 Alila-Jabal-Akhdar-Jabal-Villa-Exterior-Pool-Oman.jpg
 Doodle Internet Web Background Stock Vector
...
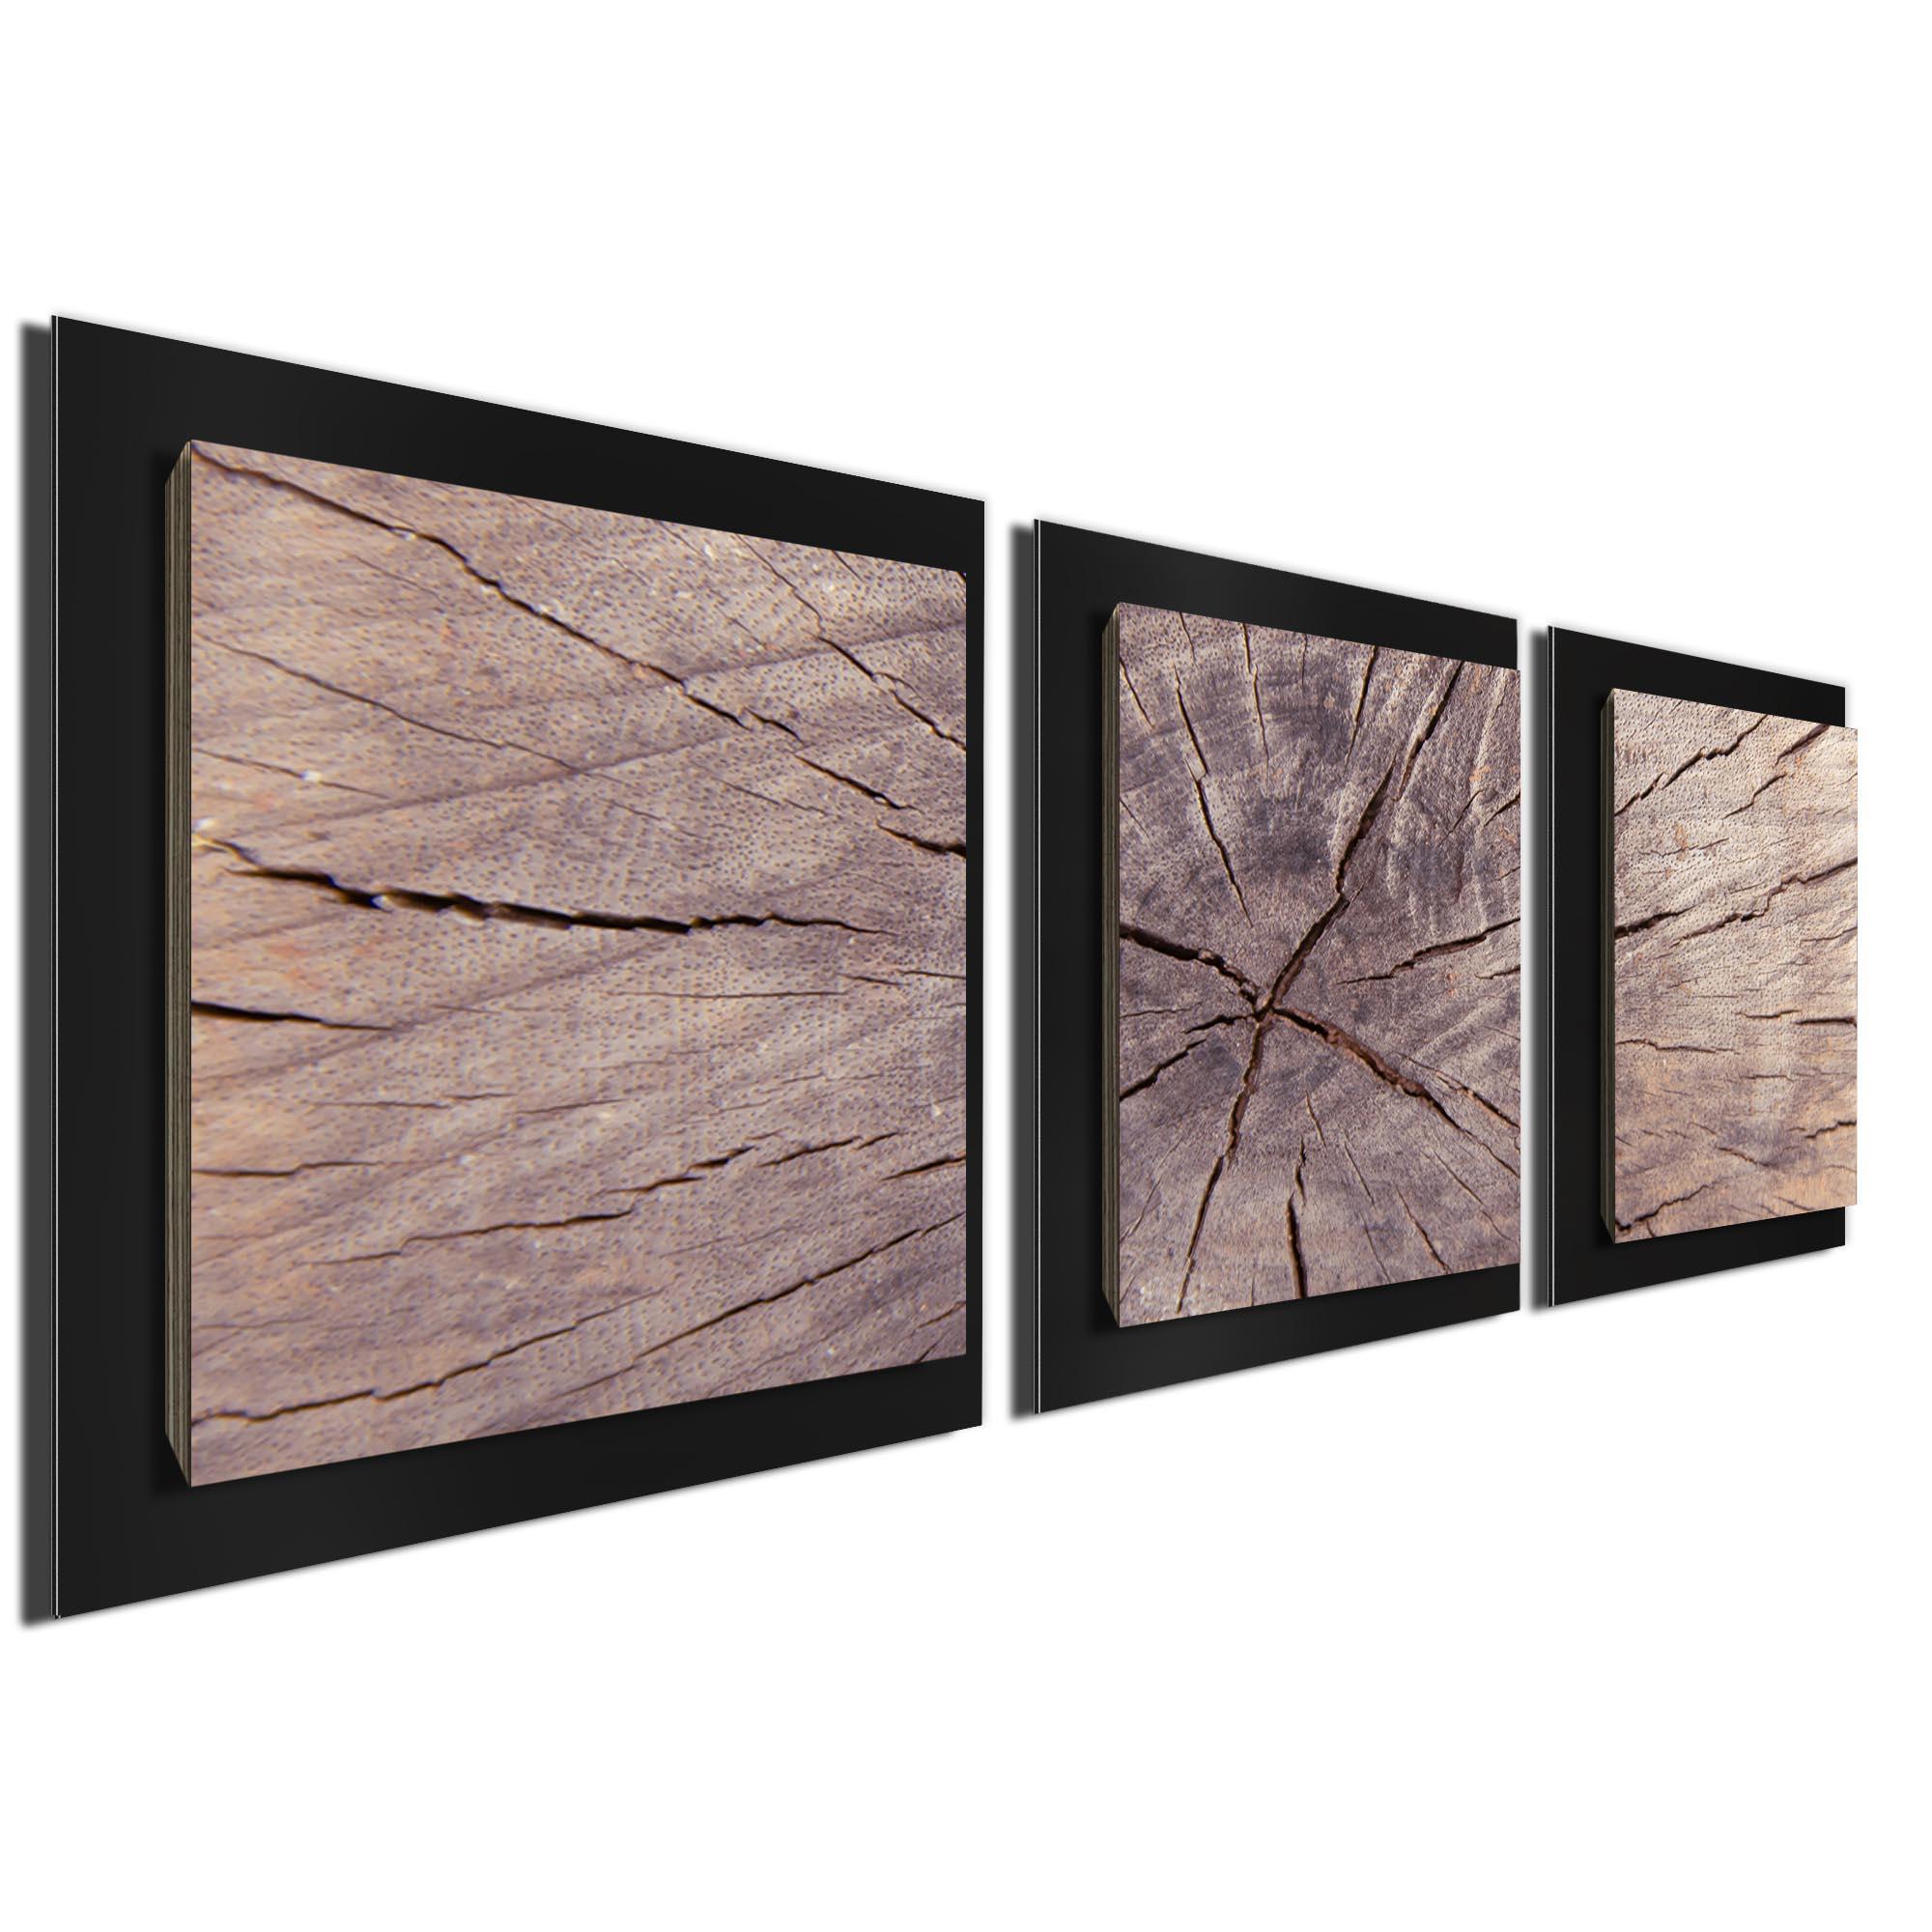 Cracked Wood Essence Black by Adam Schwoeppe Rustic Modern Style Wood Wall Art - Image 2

→ EXERCISE DETAILS: Once you reach the line with "Alila-Jabal-Akhdar-Jabal-Villa-Exterior-Pool-Oman.jpg" in the data above, copy it and every line after it exactly, up to and including the line with "Doodle Internet Web Background Stock Vector".

→ RESPONSE TO THE EXERCISE:
 Alila-Jabal-Akhdar-Jabal-Villa-Exterior-Pool-Oman.jpg
 Doodle Internet Web Background Stock Vector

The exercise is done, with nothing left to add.